During the past three years of my high-school career, I’ve been to three different high schools in three completely different states, each with different ideas on religious tolerances, racial injustices, and acceptance - or disbelief - towards teenage behavior. One thing that has not changed, however, is how much we teenagers, as a group, cheat. I’m not talking about cheating on your boyfriend/girlfriend, although that certainly has its place with our generation, but cheating on tests and homework.
If I had a dollar for every person who’s asked to copy my homework, I’d be able to walk out of Alameda High School right now. But the most bizarre scenario for me is witnessing a majority of my peers brag about their high GPA’s; but what’s behind those 3.0’s? Somebody else’s work. Doing your own nightly homework assignment, especially when it comes to monotonous History or Math assignments that either have a right or wrong answer, is very uncommon. I’ve seen and been apart of groups of people, who rotate nightly work, to limit the amount of homework they had to drudgingly do.

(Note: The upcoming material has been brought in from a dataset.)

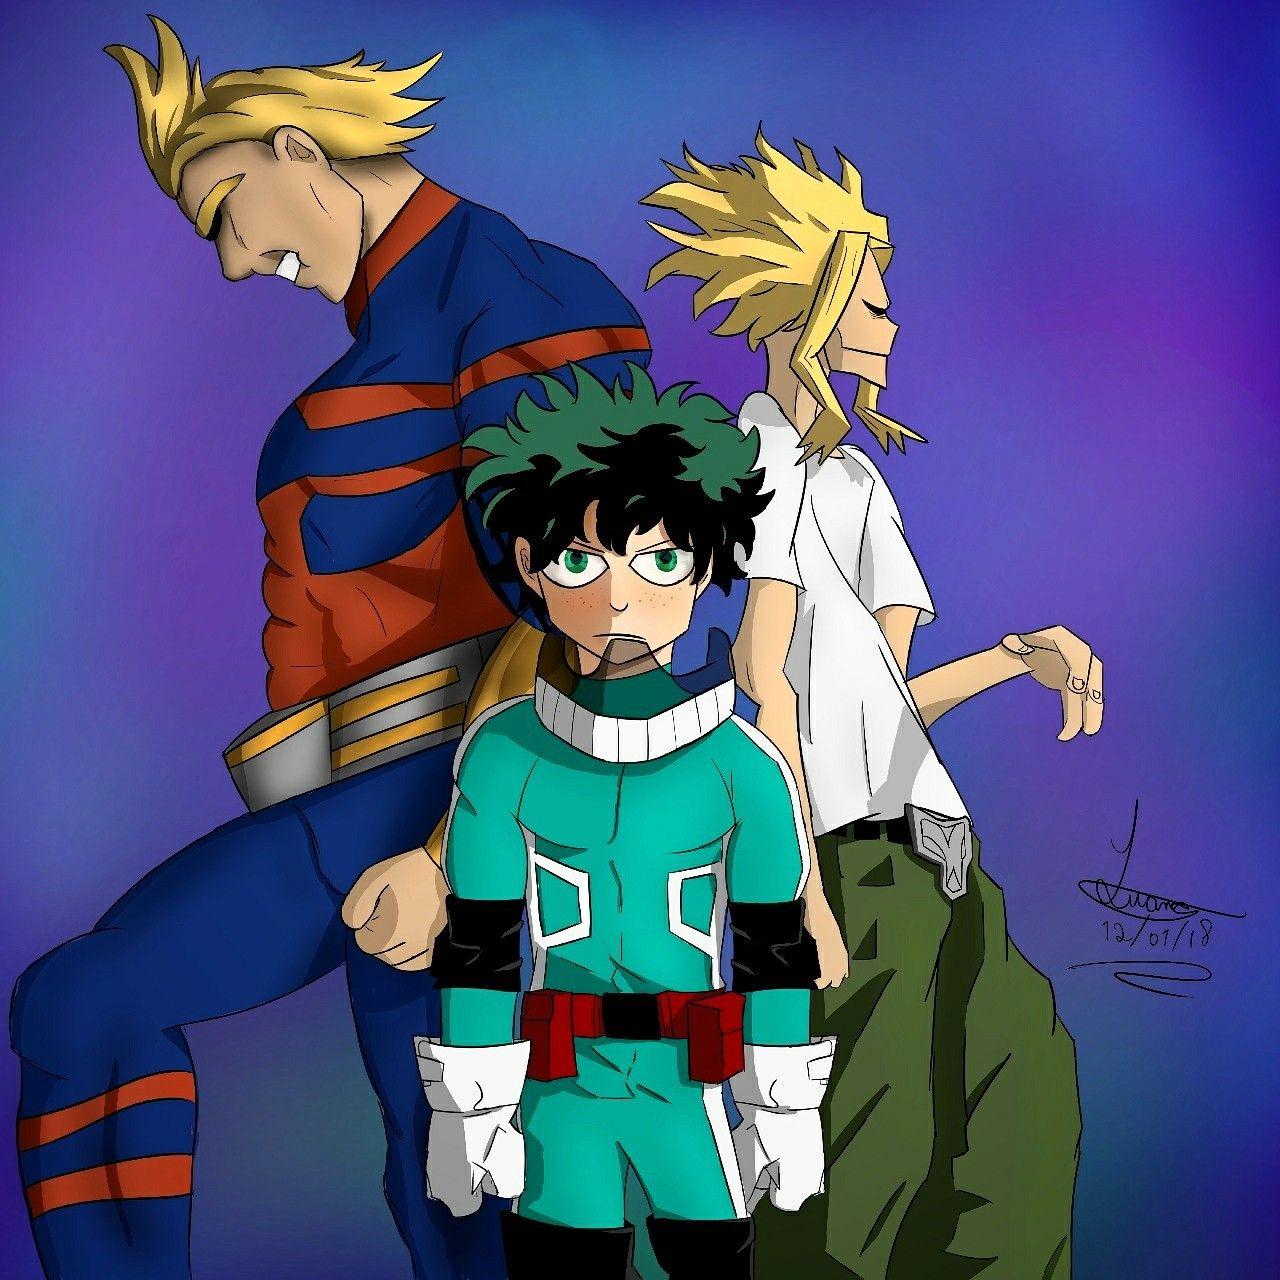 The Day Has Come Boku No Hero Academia Boku No Hero Academia Character Hero

The other day I was taking a Math test; Math is definitely not my easiest subject, but I had my notes and had studied relatively hard, so I was semi-excited to pour myself into this quiz. And then I see the guy sitting diagonally in front of me with a half-torn sheet of paper hidden between his butt and his seat look up at my teacher, and slyly peek at the paper from under his arm. I thought, “Okay, he’s cheating. Hasn’t been the first time I’ve seen this…” but for some reason, it got to me. I’m not going to deny that I haven’t copied an assignment or glanced inconspicuously at the persons’ test sitting next to me, but I think the advancement of cheating has created many new ways to cheat, and get away with it.
Let’s look at websites: Sparknotes, for example, is a great help to students; however, I wonder if students using this website blurs the line between cheating. We may not be copying an essay word-for-word, but I think going onto these websites stunts our ability to drive emotional inspiration from our own creative energies. We see a clever line that we otherwise wouldn’t have thought of writing for ourselves, and suddenly we’re forming an essay around this idea.
Also, since we’ve entered the electronic age, many students have been riding the wave that is teachers’ naiveté. Yes, a lot of students ARE sincerely listening to their Ipods to promote concentration during a test; but what about those students who flick through the web to get the answers? Personally, I have always thought this was just too much work, but after seeing more than one person doing this on more than one occasion, I’ve had to wonder: can us teenagers be given that inch? We want to fight oppression, and we don’t want to be kept in an environment comprised of ugly uniforms and ruler-whipping authoritators. But I do believe that some teenagers, when given an inch, take a mile: “cheating is wrong” sounds like a broken record, like something that has been preached thousands of times over. But why mess with a classic?